Beyond COnsequences, Logic and Control: A Love Based Approach Helping Attachemnt Challenged Chidlren with Severe Behaviors
I enjoyed reading this book because the language is simple. It is not techinical but straight to basics. It demonstrates perceptions we have that chilren owe us as parents. Traumatized children have a different thought process. It validates the behavior and demonstatrates clear ways of thinking and processing so that the child as well as parent feel safe to rebuild a relationship/trust that was lost. The reader must be open to the process of thinking in a different manner. The techniques take time but the process helps to ease our fears as well as the child's. What we fail to realize that trauma is based on perception, we can feel empathy for a child who has lived in trauma. Just because we make things look good and feel that we are doing our best, that trauma still lives in that child and it will resurface thorugh time. Even for ourselves. I would reccomend this book to parents who adopt or even have chidlren that are ODD or angry. 2008-08-29




No to tough love
We have been so indoctrinated with the "Tough Love" approach when our children get tough that it is hard for us to believe a different way can work. Heather makes us look at the risks of tough love and gives us good reason to look to the fear beneath the child's behavior and see that tough love only increases that fear. The child needs connection not disconnection in order to feel safe and once again regulated. 2008-08-22




Another Get Rich Scheme by Bryan Post
NONE OF THIS ILL-DEFINING PARENTING METHOD HAS BEEN VALIDLY RESEARCHED.
This is a rehash of Bryan Post's parenting programs, essentially based on the simplistic notion that if a parent merely acknowledges (or presumes) a child's emotions which are supposedly connected with a particular bad behavior, then the child will never repeat that bad behavior ever again; nothing more is really necessary. Thus the title "Beyond Consequences, Logic..." Others might suggest that children are more complex beings than that and need more nuanced and flexible interactions with their parents.
The parenting method in this book derives from "Dr." Bryan Post's longtime association with Martha Welch, M.D., author of "Holding Time." Welch is infamous for recommending and teaching highly abusive parenting methods (e.g., coercive restraint) and for her misconceptions about child development. For instance, she claimed to cure autism with forced eye contact and coercive restraint. Post took some of her wrong-headed notions and called them his own. Post recently declared he hasn't used Holding Therapy since 2001, but he hasn't denounced his past work, beliefs, or Welch, and some parents report that he still does some "mat work" with parents and children where they are roughly encouraged to work out their rage.

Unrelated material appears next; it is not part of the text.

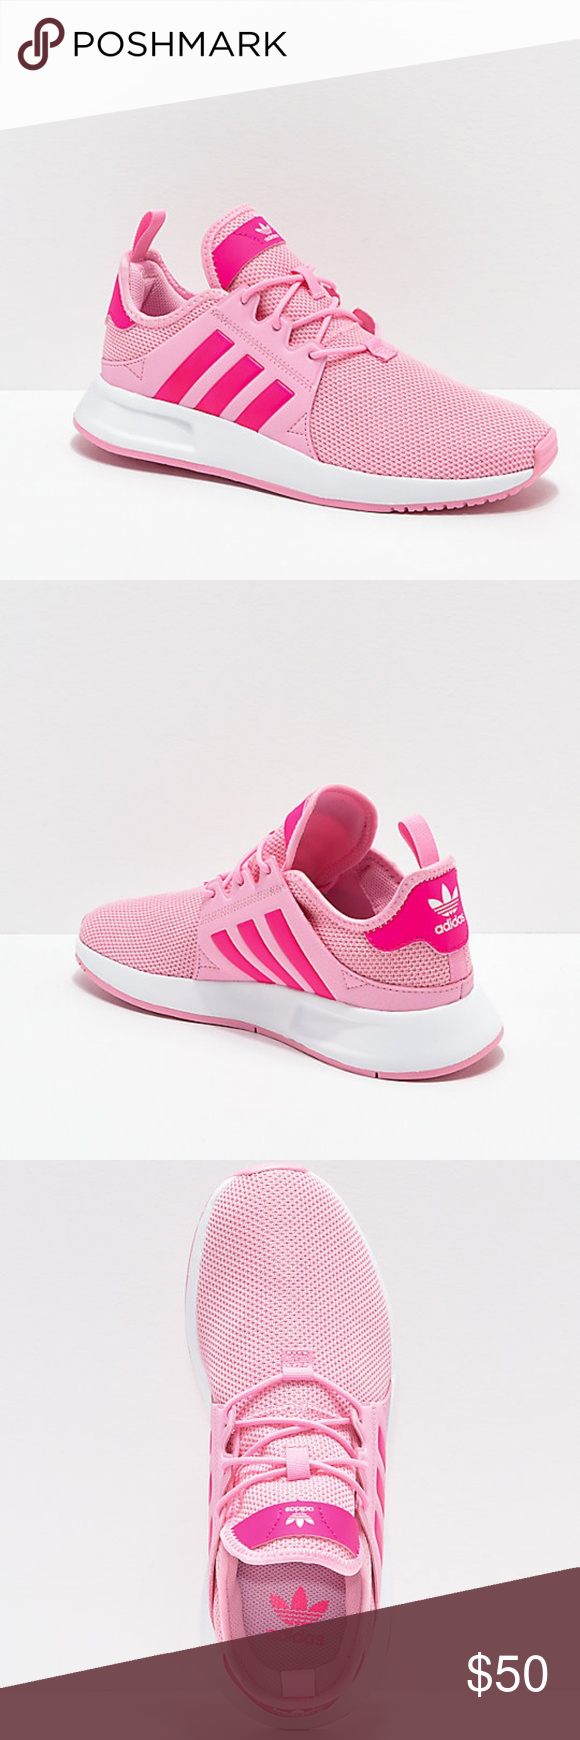 adidas Xplorer Pink \u0026 White Shoes
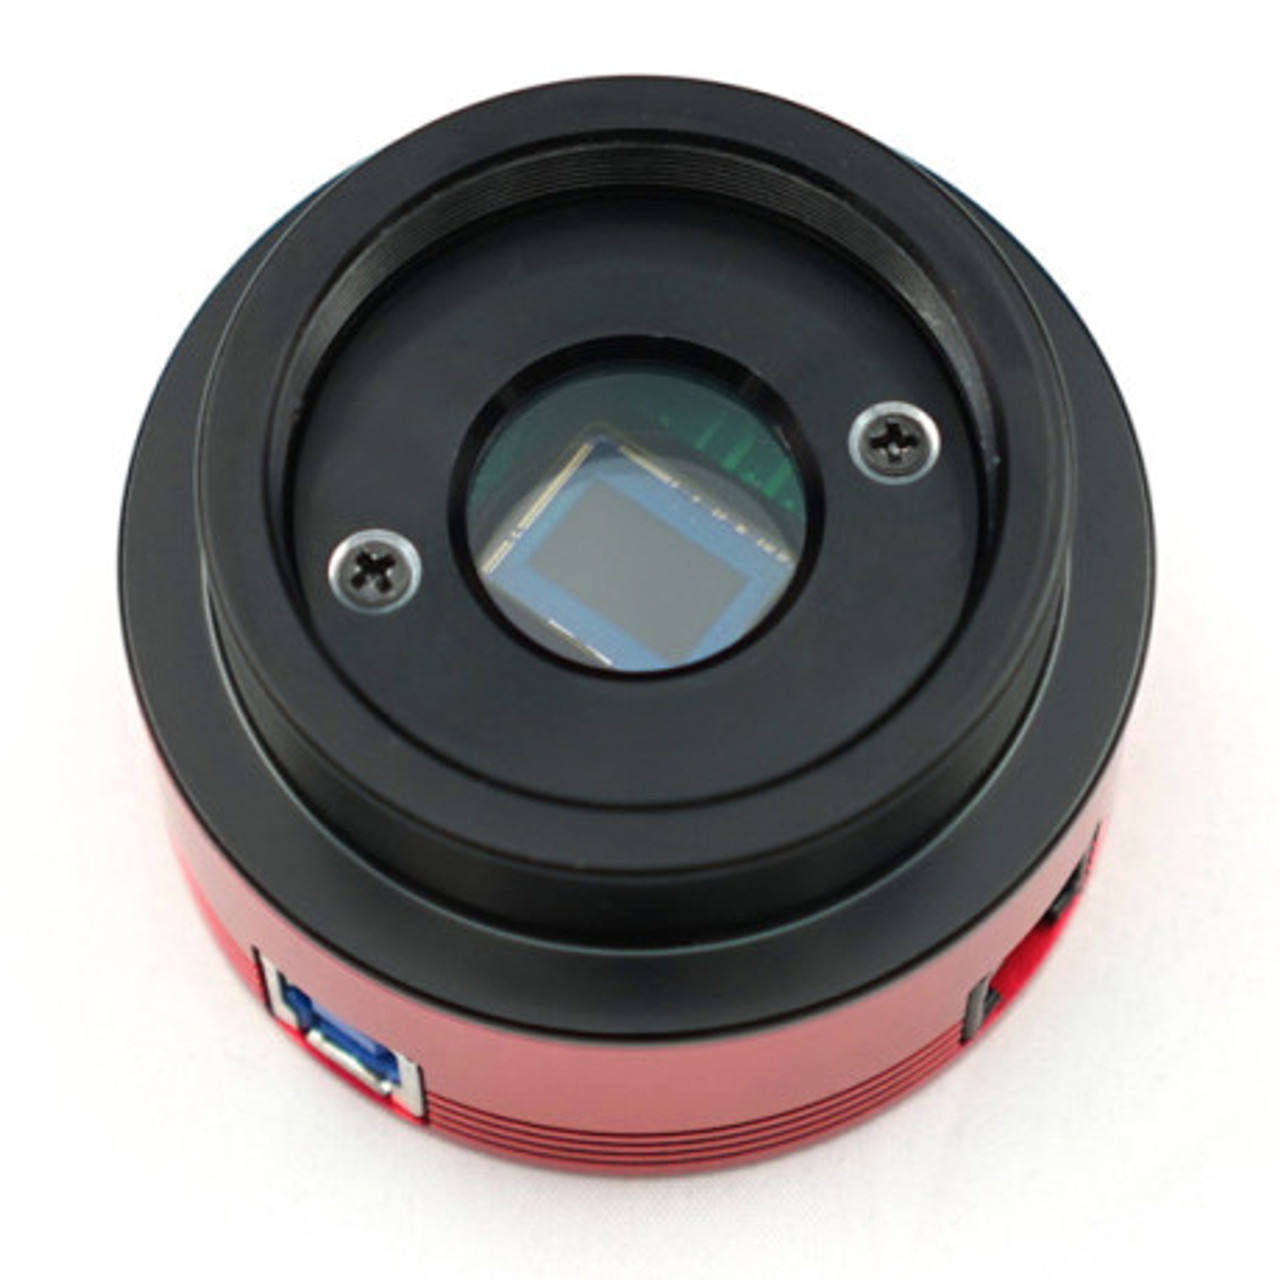 ZWO ASI174MM CMOS Monochrome Imaging Camera

"Dr." Post claims to have a doctorate from Columbus University (note similarity in name to Columbia University), which is nothing more than a diploma mill not recognized by any accrediting agency. The Oklahoma Board of Licensed Social Workers disapproved of Post's use of the titles "Dr." and "Ph.D." Post had, until recently, a website selling "Secrets of the Wealthy Social Worker."
I would advise this book be avoided.